(Material provided)
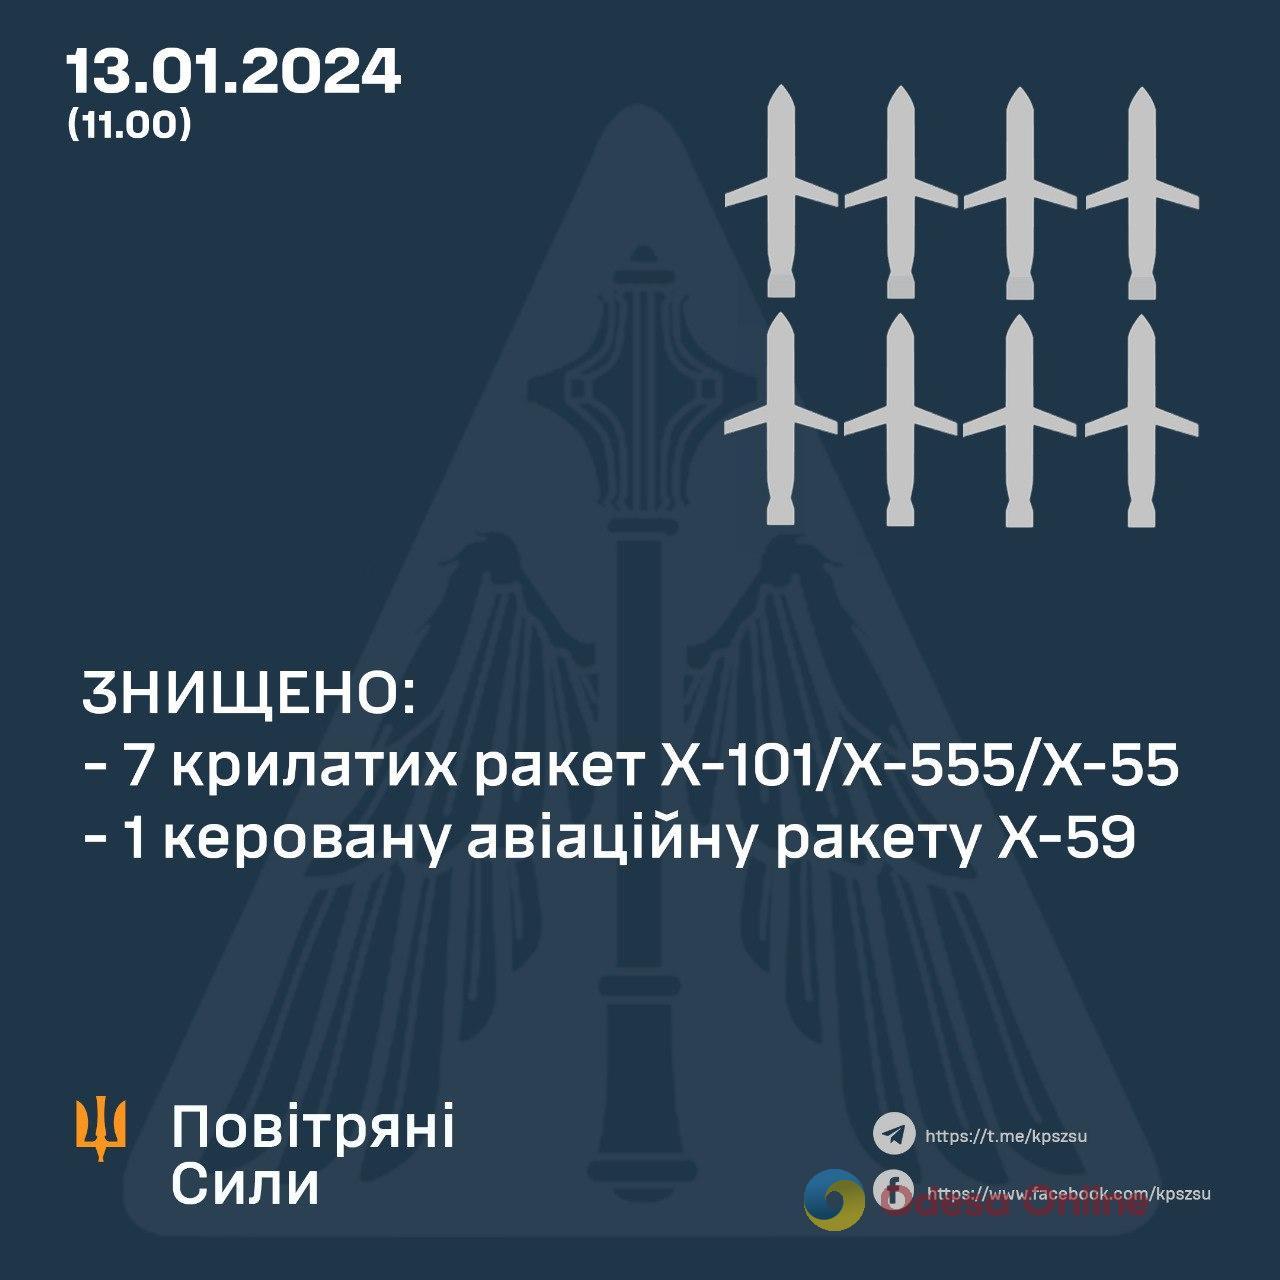 Восемь крылатых ракет были уничтожены над Украиной во время утренней атаки
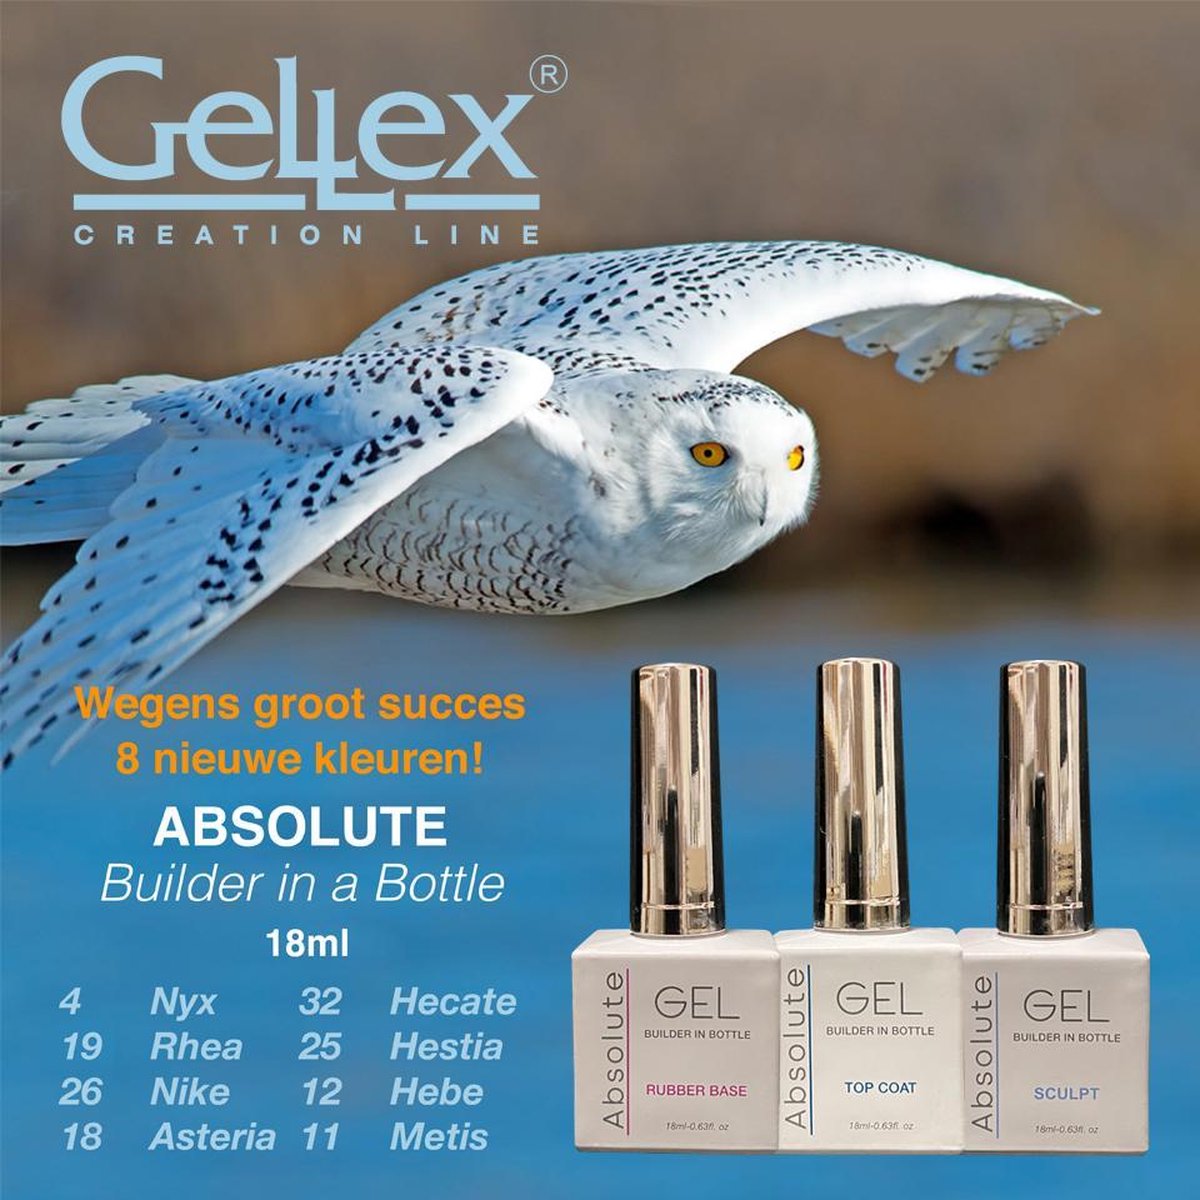 Gellex - SET Absolute Builder Gel in a bottle #19 ''Rhea''- Gel Starterspakket 3x18ml - Gel Nagellak set- Gellak
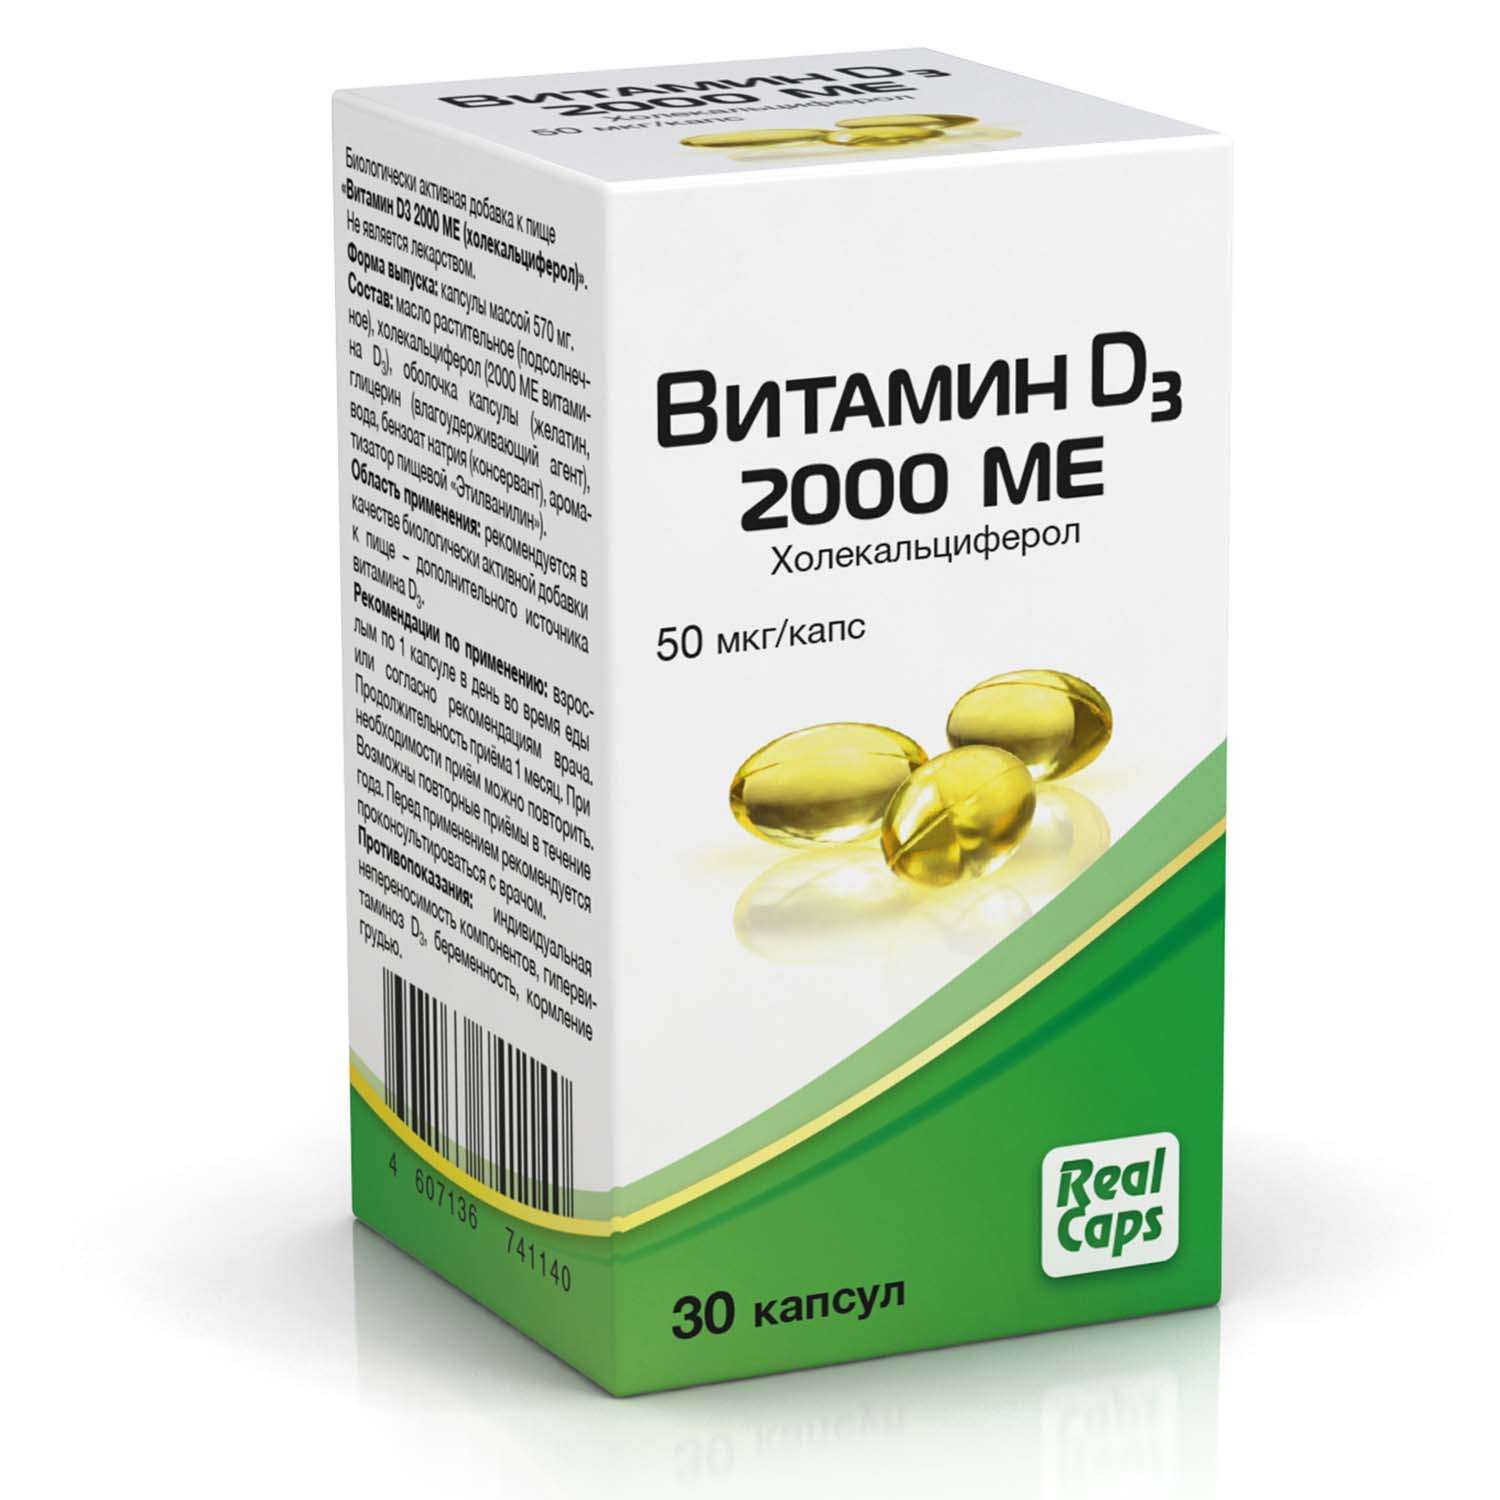 Биологически активная добавка Real Caps Витамин D3 2000ME 30капсул - фото 1
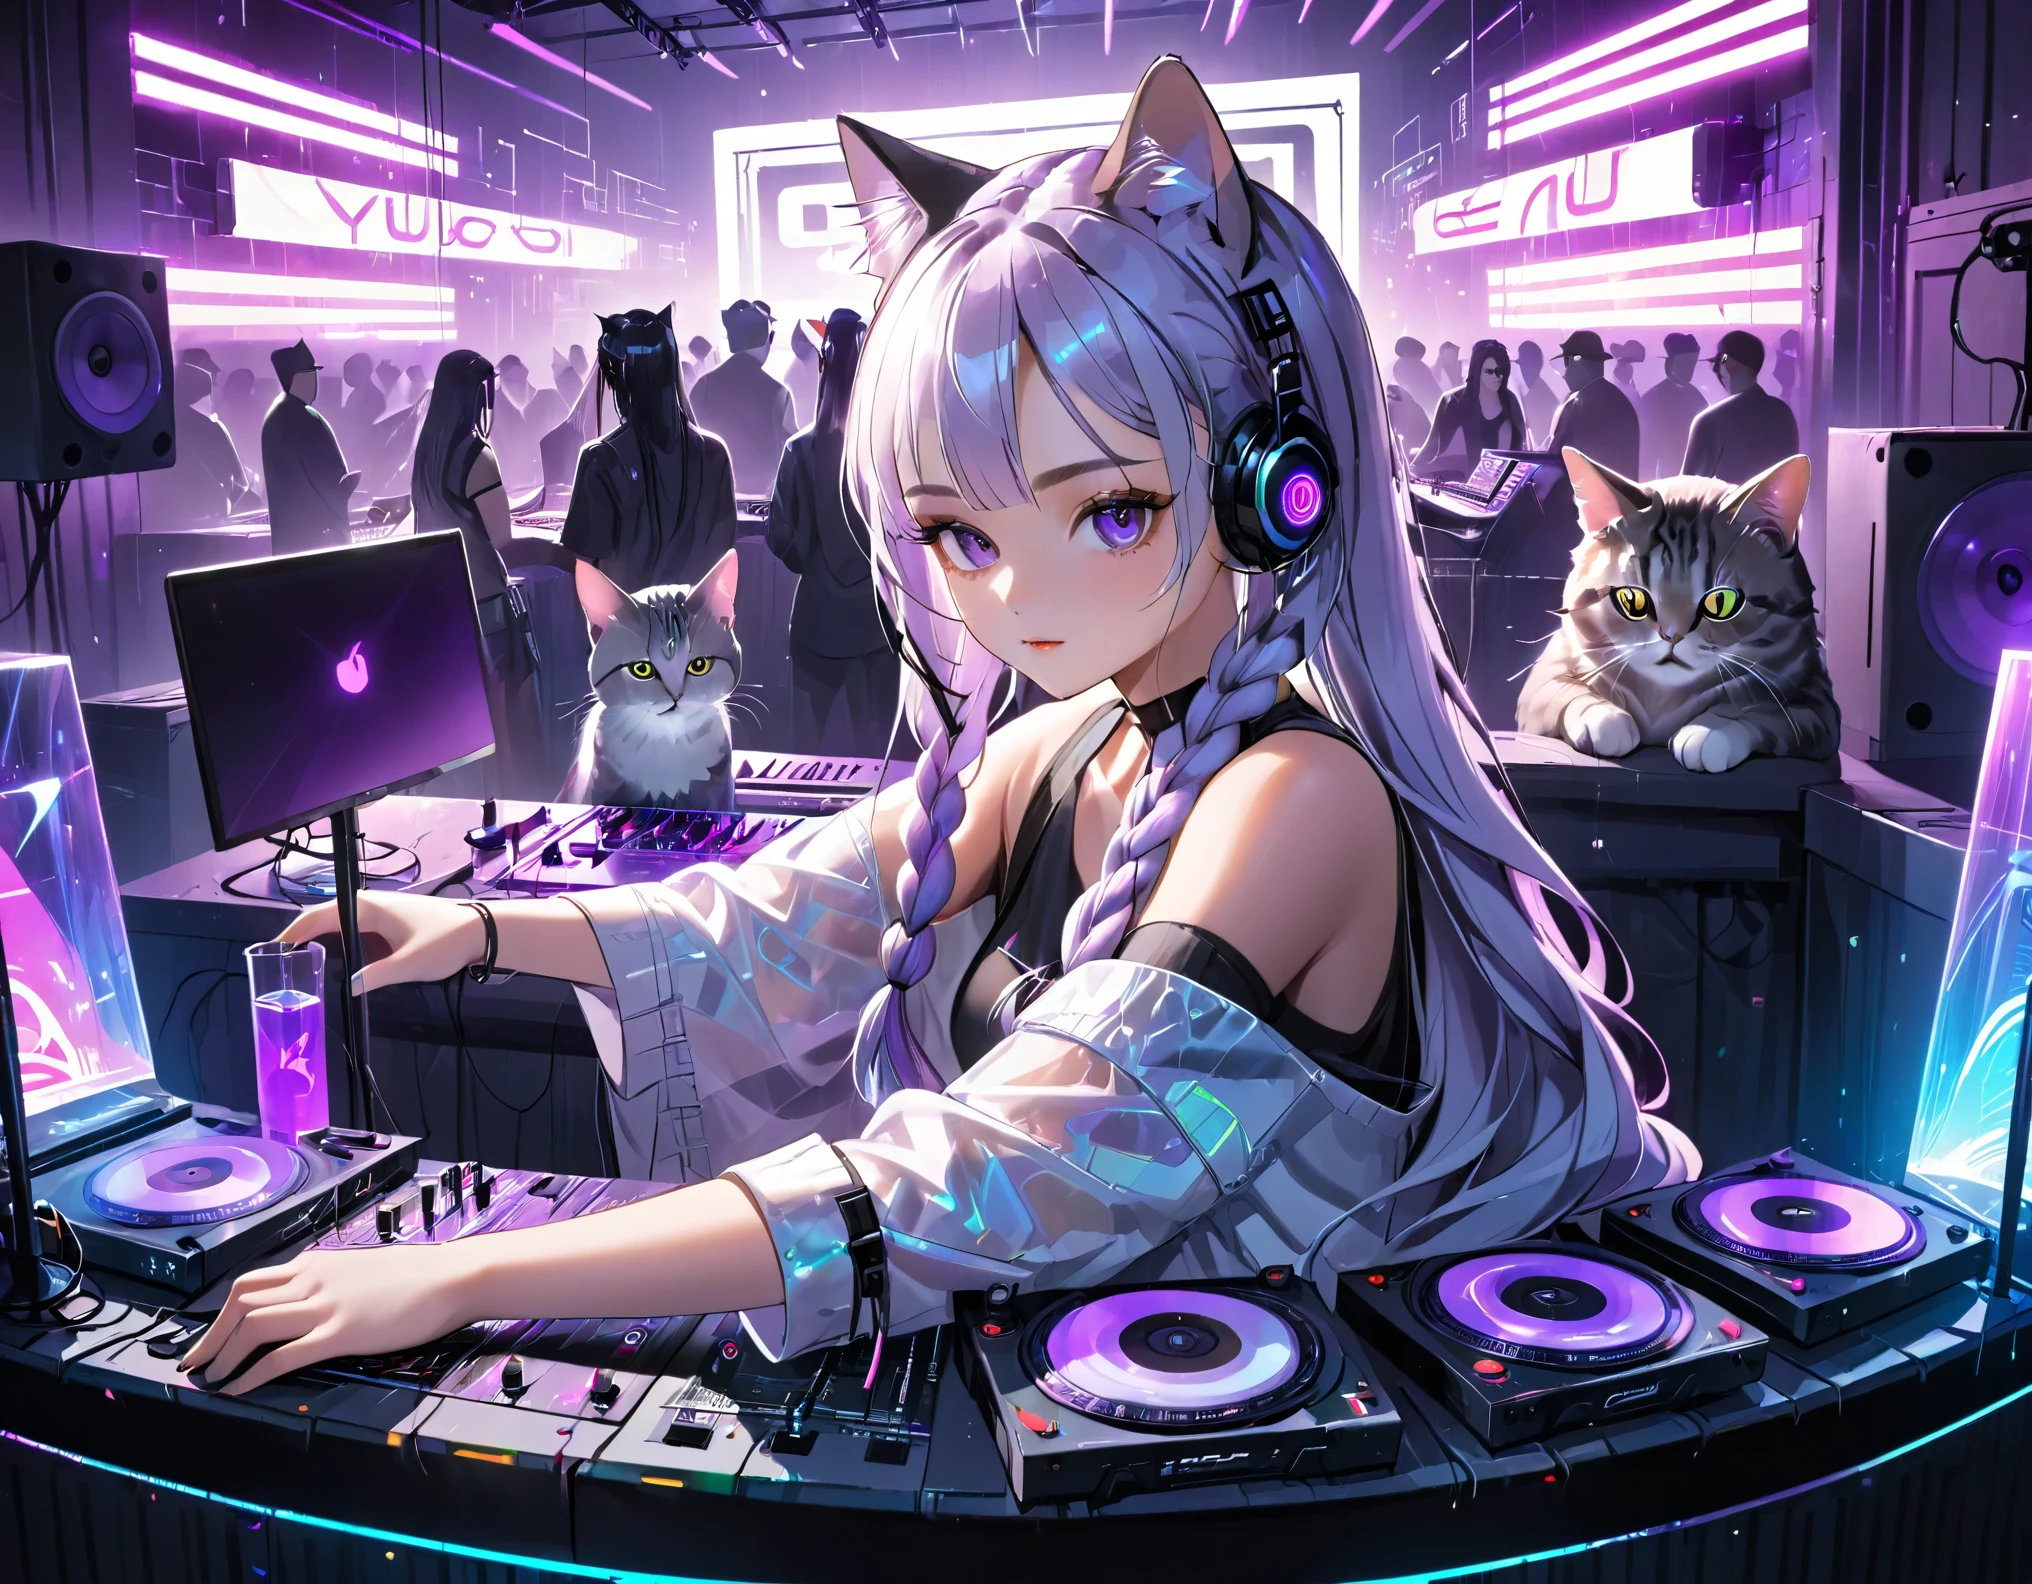 Garota discotecando em um clube, ciberpunk, Cabelo longo trançado gradiente branco-roxo com luzes cintilantes, gato transparente com holografia neon sentado ao lado de equipamento de DJ.
(End Material provided)
Problem to work on: Copy the full listing above exactly, apart from the pictures.

Solution to this exercise:
 Восемь крылатых ракет были уничтожены над Украиной во время утренней атаки
 Gellex - SET Absolute Builder Gel in a bottle #19 ''Rhea''- Gel Starterspakket 3x18ml - Gel Nagellak set- Gellak
 Биологически активная добавка Real Caps Витамин D3 2000ME 30капсул - фото 1
 Garota discotecando em um clube, ciberpunk, Cabelo longo trançado gradiente branco-roxo com luzes cintilantes, gato transparente com holografia neon sentado ao lado de equipamento de DJ.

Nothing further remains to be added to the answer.